Building LLMs at the scale of ChatGPT is beyond the resources and skills of most non-tech enterprises, even the global companies included in the MIT surveys. However, as we discussed last week, recent developments in generative AI has produced and successfully trained much smaller models: MIT professor Carbin says:

“The reduction in complexity comes by narrowing your focus from an all-purpose model that knows all of human knowledge to very high-quality knowledge just for you, because this is what individuals in businesses actually really need. Much of this technology can be within the reach of many more organizations. It’s not just the OpenAIs and the Googles and the Microsofts of the world, but more average-size businesses, even startups.”

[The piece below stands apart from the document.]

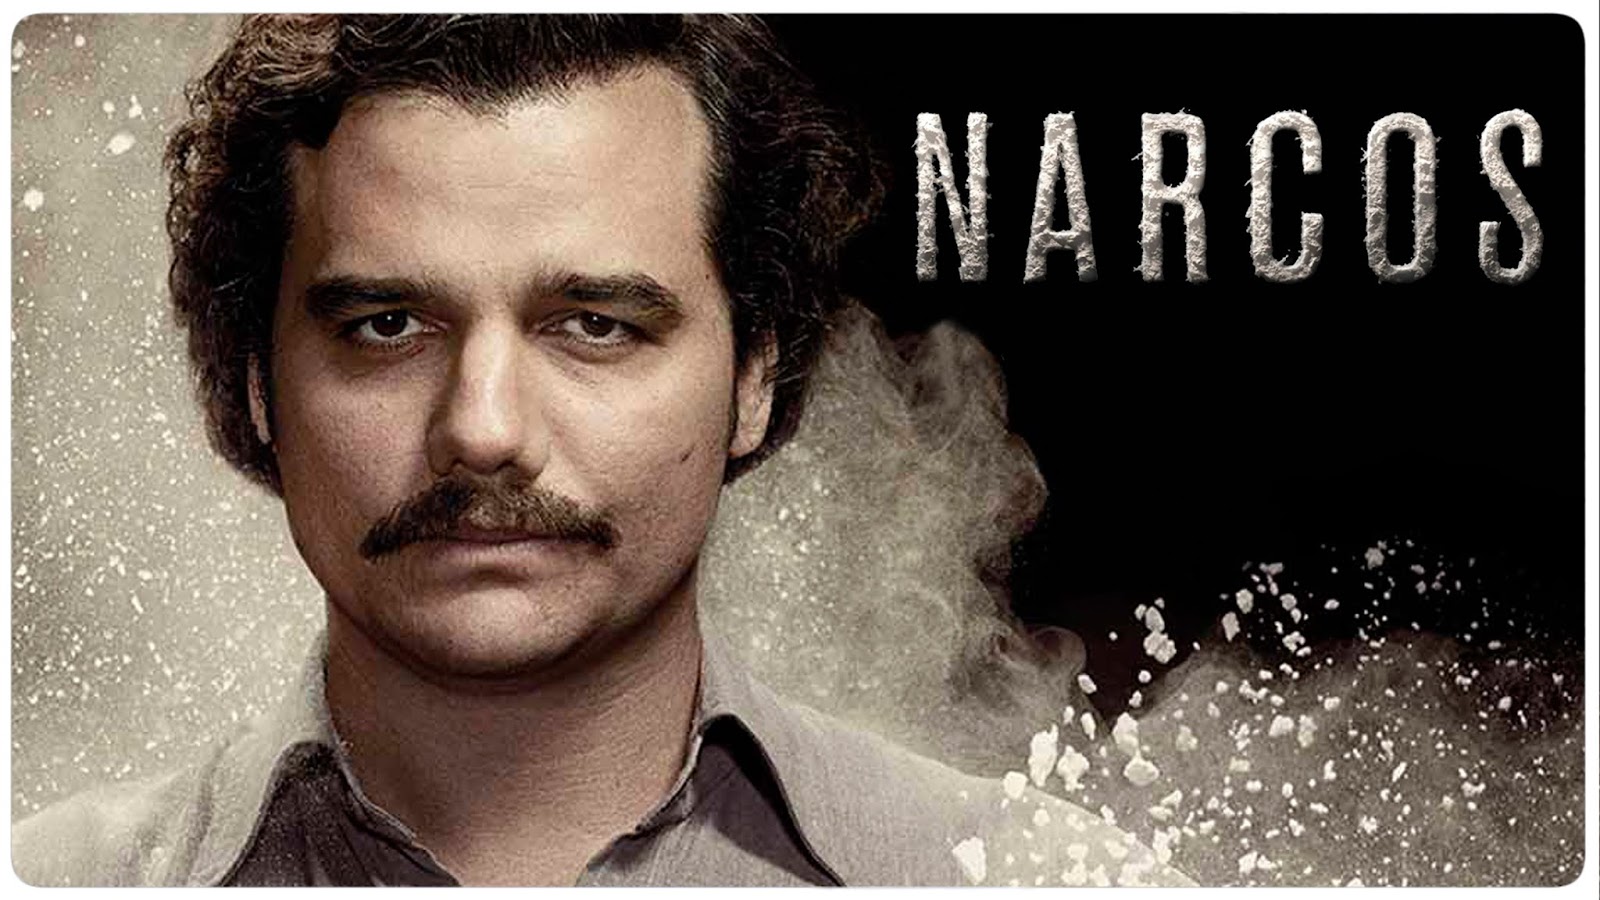 Narcos Netflix
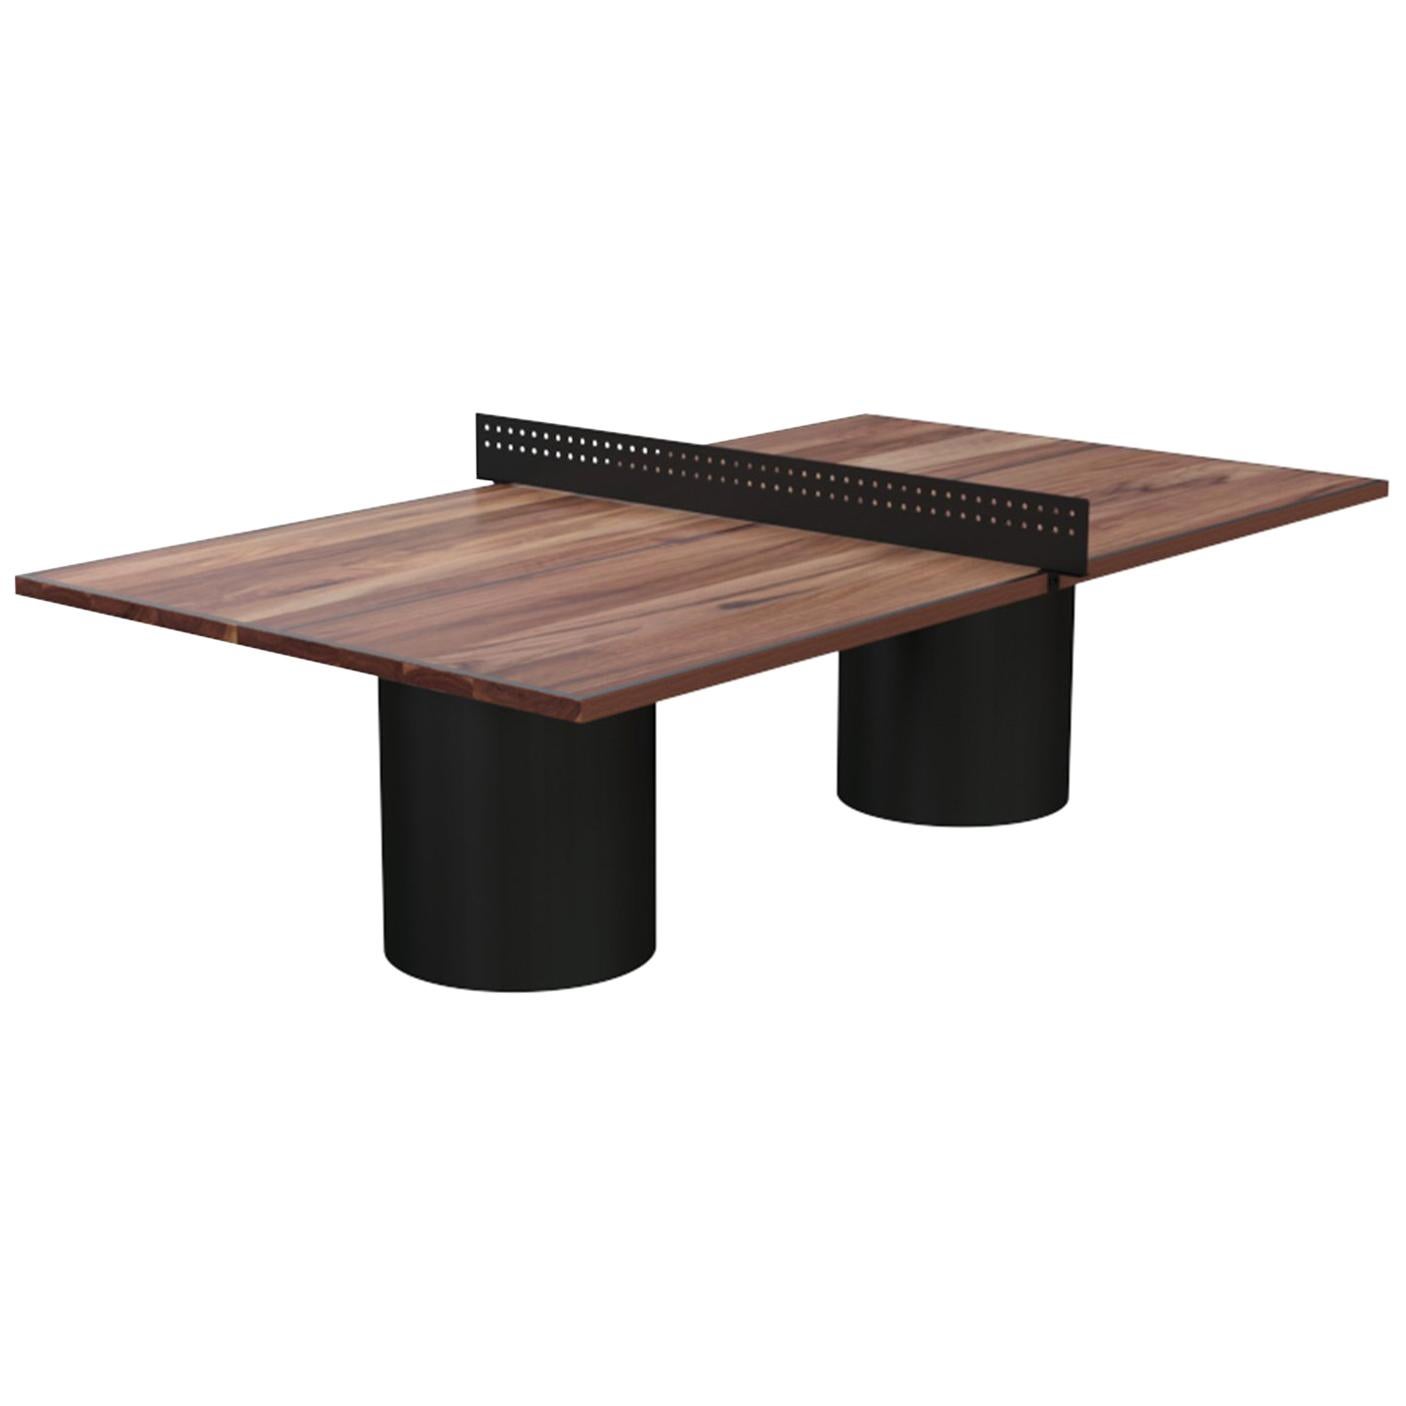 Customizable Modern "Column" Ping Pong Table

Databricks, which sponsored the MIT survey, has released Dolly, named after the world’s first cloned mammal, which has just 6 billion parameters— less than 3.5% of the 175 billion used in GPT-3. Dolly is based on the LLaMA tool from Meta, is fine-tuned on “high-quality inputs crowdsourced from Databricks employees”, and can be further trained by a user to its requirements for less than $30.

Conclusion

The MIT survey concludes that, after a cautious, uneven start, “the most forward looking CIOs are moving decisively into this AI era.” The survey rounds off with a personal reflection from Dupont’s CIO:

“People who went through the computer and Internet revolution talk about when computers first came online. If you were one of those people who learned how to work with computers, you had a very good career. This is a similar turning point: as long as you embrace the technology, you will benefit from it.”